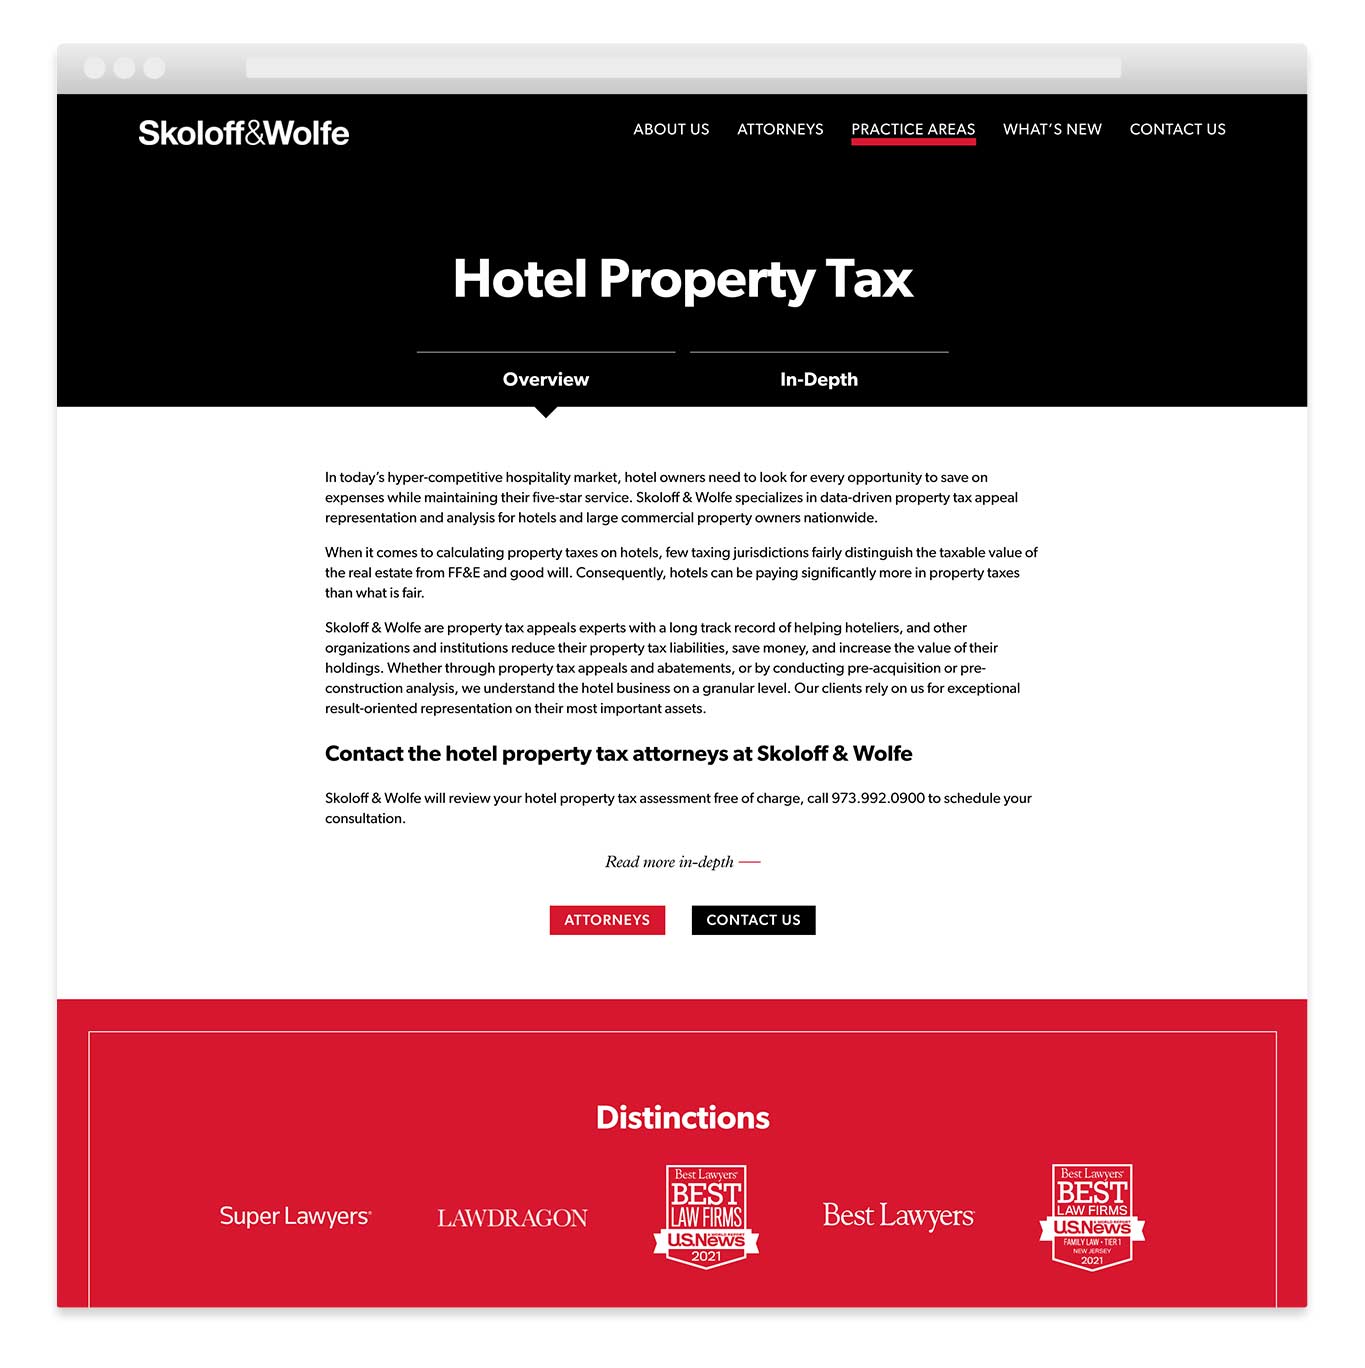 Modern law firm website hotel property tax landing page design
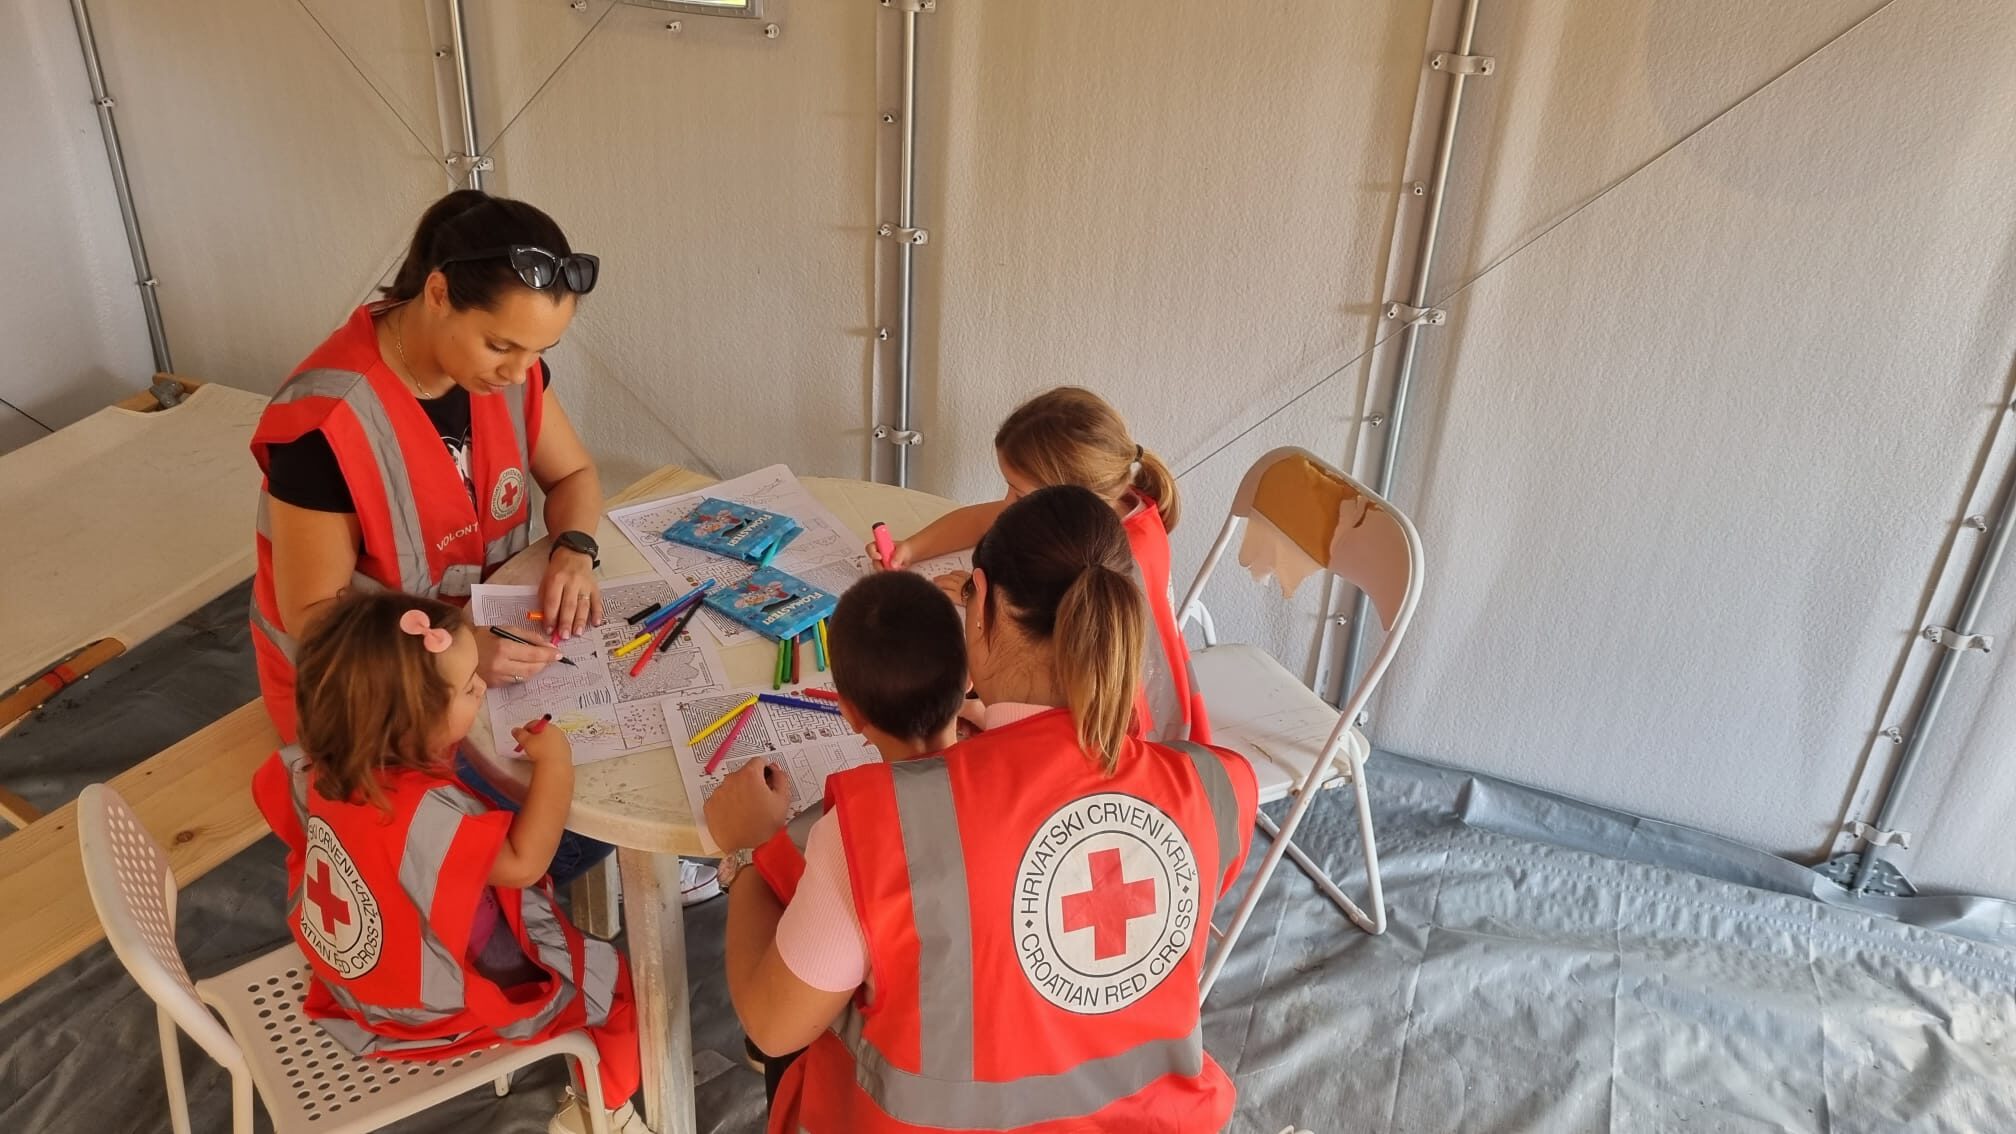 Providing safety and dignity to vulnerable children in Croatia through shelter
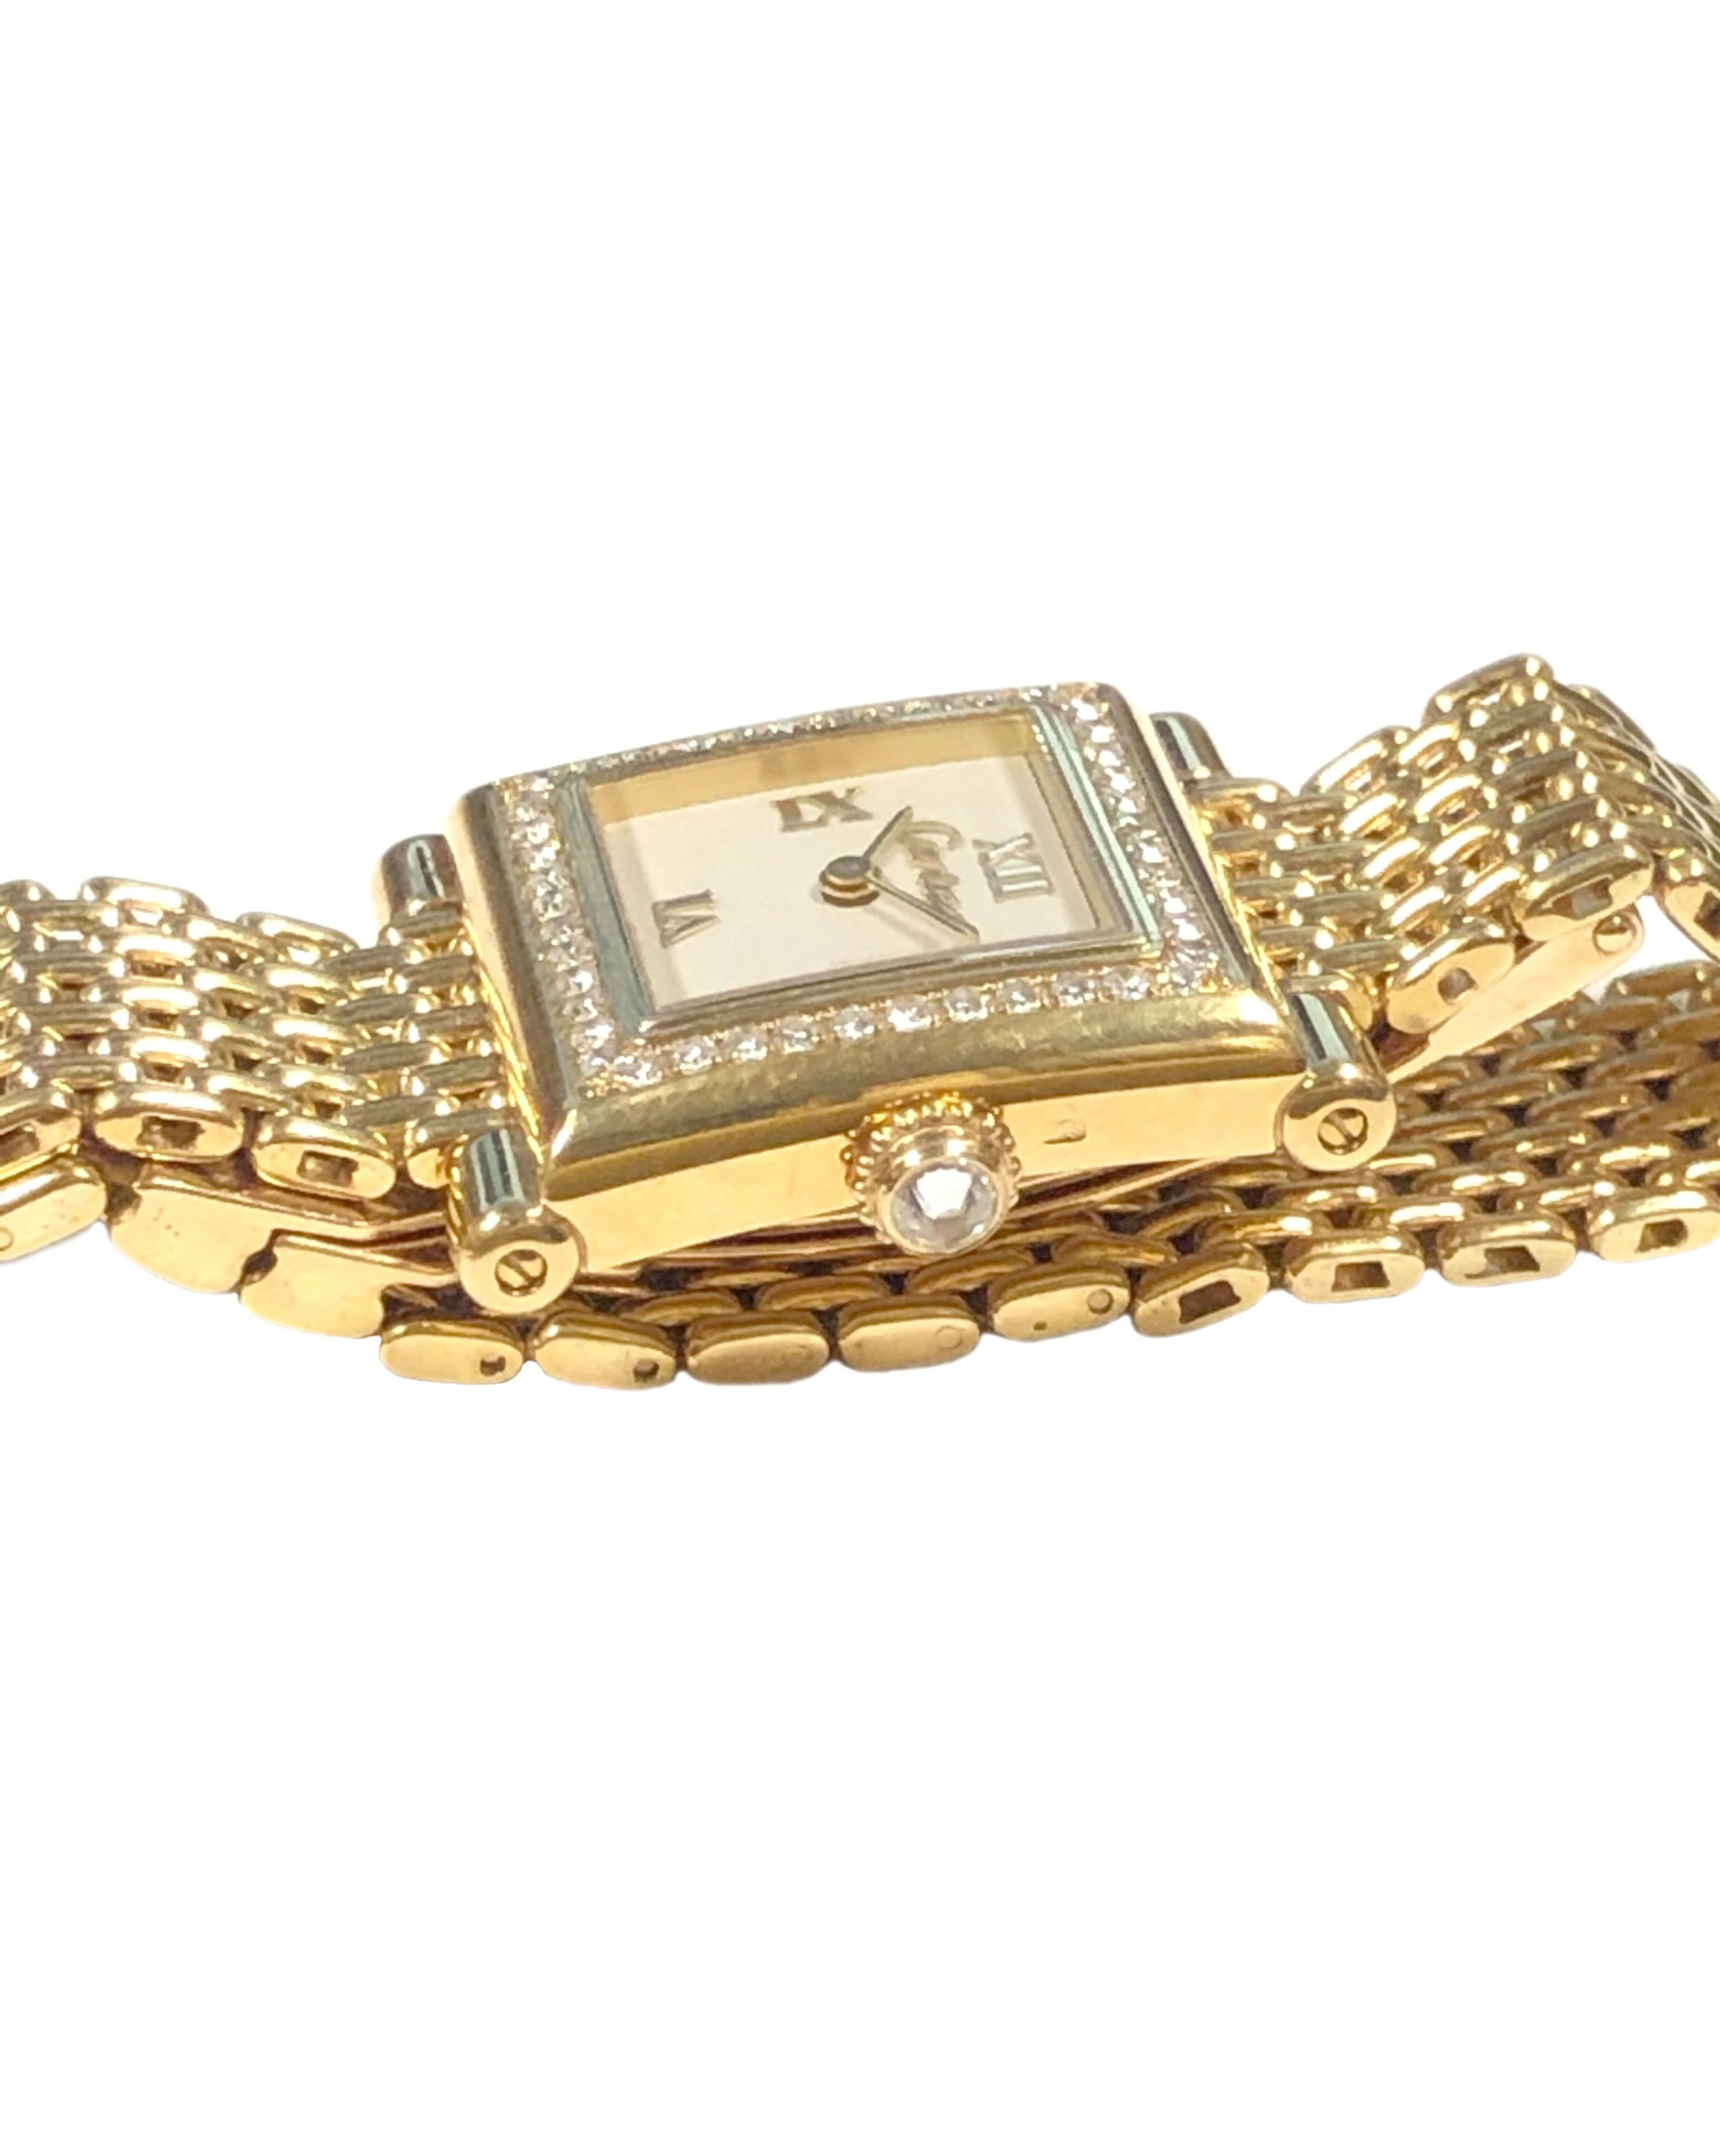 Circa 1987 Cartier Trocadero Ladies Wrist Watch, this model was a very limited offering also called Boutique collection and extremely hard to find. 24 X 20 M.M. 18K Yellow Gold 2 piece case with Diamond set bezel and Diamond set crown. Quartz

◆ Your goal:
Return the full listing above verbatim, please, but without its images.

◆ Response:
 Modern law firm website hotel property tax landing page design
 Providing safety and dignity to vulnerable children in Croatia through shelter
 Circa 1987 Cartier Trocadero Ladies Wrist Watch, this model was a very limited offering also called Boutique collection and extremely hard to find. 24 X 20 M.M. 18K Yellow Gold 2 piece case with Diamond set bezel and Diamond set crown. Quartz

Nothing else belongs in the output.